# lets make a plan. bear destroyed many hives but....



## little_john (Aug 4, 2014)

The problem with making splits is that - unless you're careful - it's easy to reduce the bee population below that required for optimum development. I call this size the colony's 'critical mass' (in order to add a hint of drama ...). If this happens, they can take a long time to build back up to size again.

A better way of proceeding (imo) is to make-up a few VERY strong colonies, and use these to continuously supply frames of brood to whatever smaller colonies you're creating. Michael Palmer calls these strong colonies 'Brood Factories', and a more fuller explanation of how to use these can found within the first of the following videos. Both videos are well-worth watching, as they're full of really good information. Quite possibly the best beekeeping videos on the Internet.

https://www.youtube.com/watch?v=nznzpiWEI8A
https://www.youtube.com/watch?v=R7tinVIuBJ8

Best of luck.
LJ

PS - what are you going to do about those bears, to prevent a re-occurrence ?


----------



## Rader Sidetrack (Nov 30, 2011)

Perhaps its time to explore investing in an [bear prevention] electric fence, either 'mains' powered or solar? 
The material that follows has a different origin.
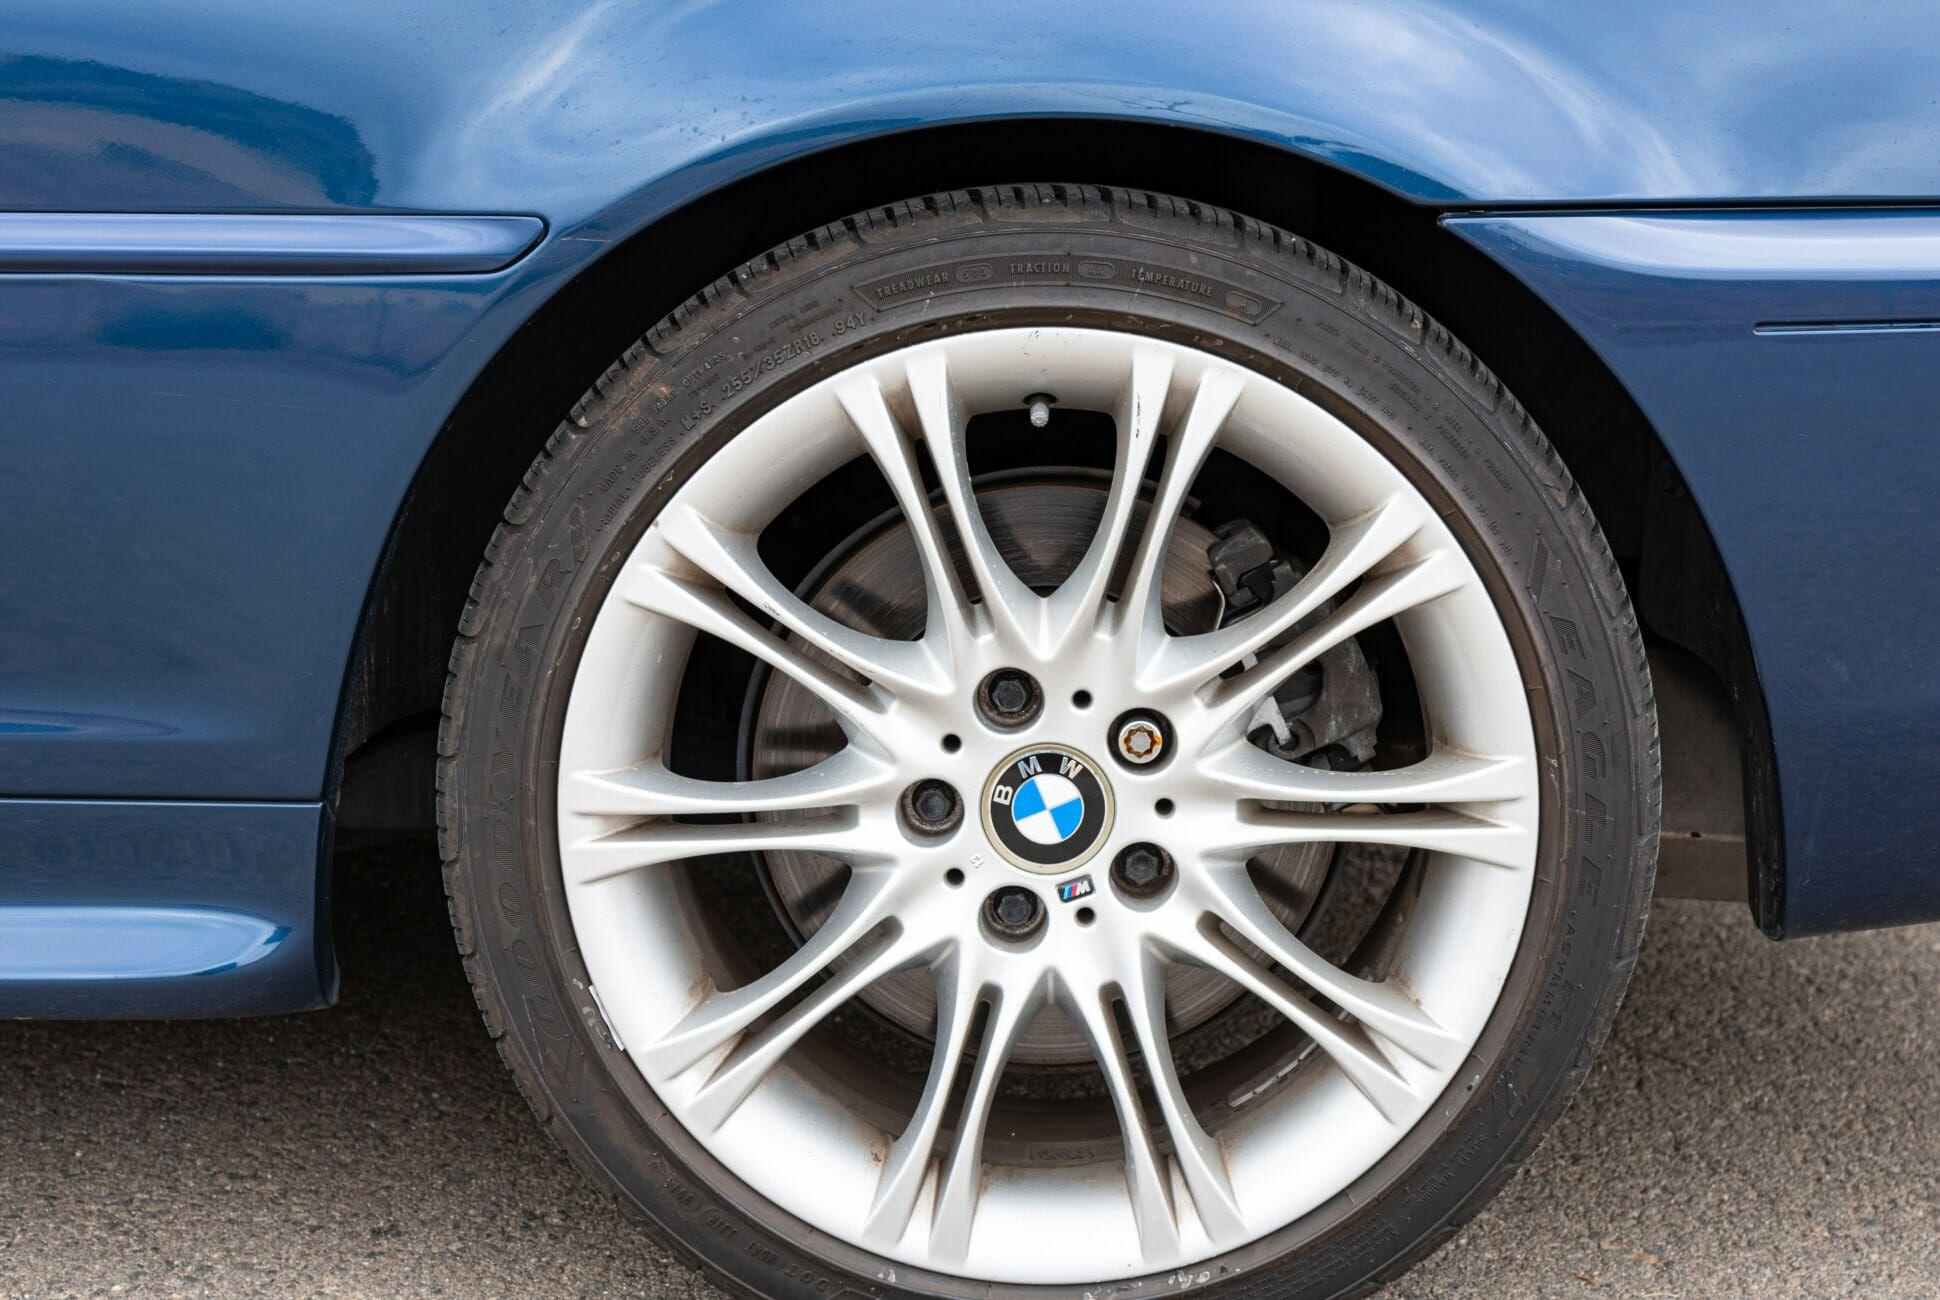 2004-BMW-330Ci-ZHP-6-Speed-gear-patrol-slide-02

There are lots of "how to" threads available to reference, if you give us an idea of what your general situation regarding power and access to fencing material is like.


----------



## cabeetal (Jul 12, 2015)

i see what you mean. i have alse experienced slow development below 3 frames (two brood open sealed one resources but all three of them with bees one them) . i am leaning towards makeng them 9 frames all apart from two very big (to steal sealed brood everywhile) and making x3 increase straightforward . 3 days later installing queens on them.
fingers crossed for thiefs,weather. this time i wont get close to bears nest with my splits.i guess if i make 80+ single box hives ready for autumn honey (varroa cleaned) , i will be very happy next winter with the harvest. my estimate is worst case scenario 8kg each hive and best 20kg.(here it sells 8 euro per kg or 5 euro bulk).


little_john said:


> The problem with making splits is that - unless you're careful - it's easy to reduce the bee population below that required for optimum development. I call this size the colony's 'critical mass' (in order to add a hint of drama ...). If this happens, they can take a long time to build back up to size again.
> 
> A better way of proceeding (imo) is to make-up a few VERY strong colonies, and use these to continuously supply frames of brood to whatever smaller colonies you're creating. Michael Palmer calls these strong colonies 'Brood Factories', and a more fuller explanation of how to use these can found within the first of the following videos. Both videos are well-worth watching, as they're full of really good information. Quite possibly the best beekeeping videos on the Internet.
> 
> ...


----------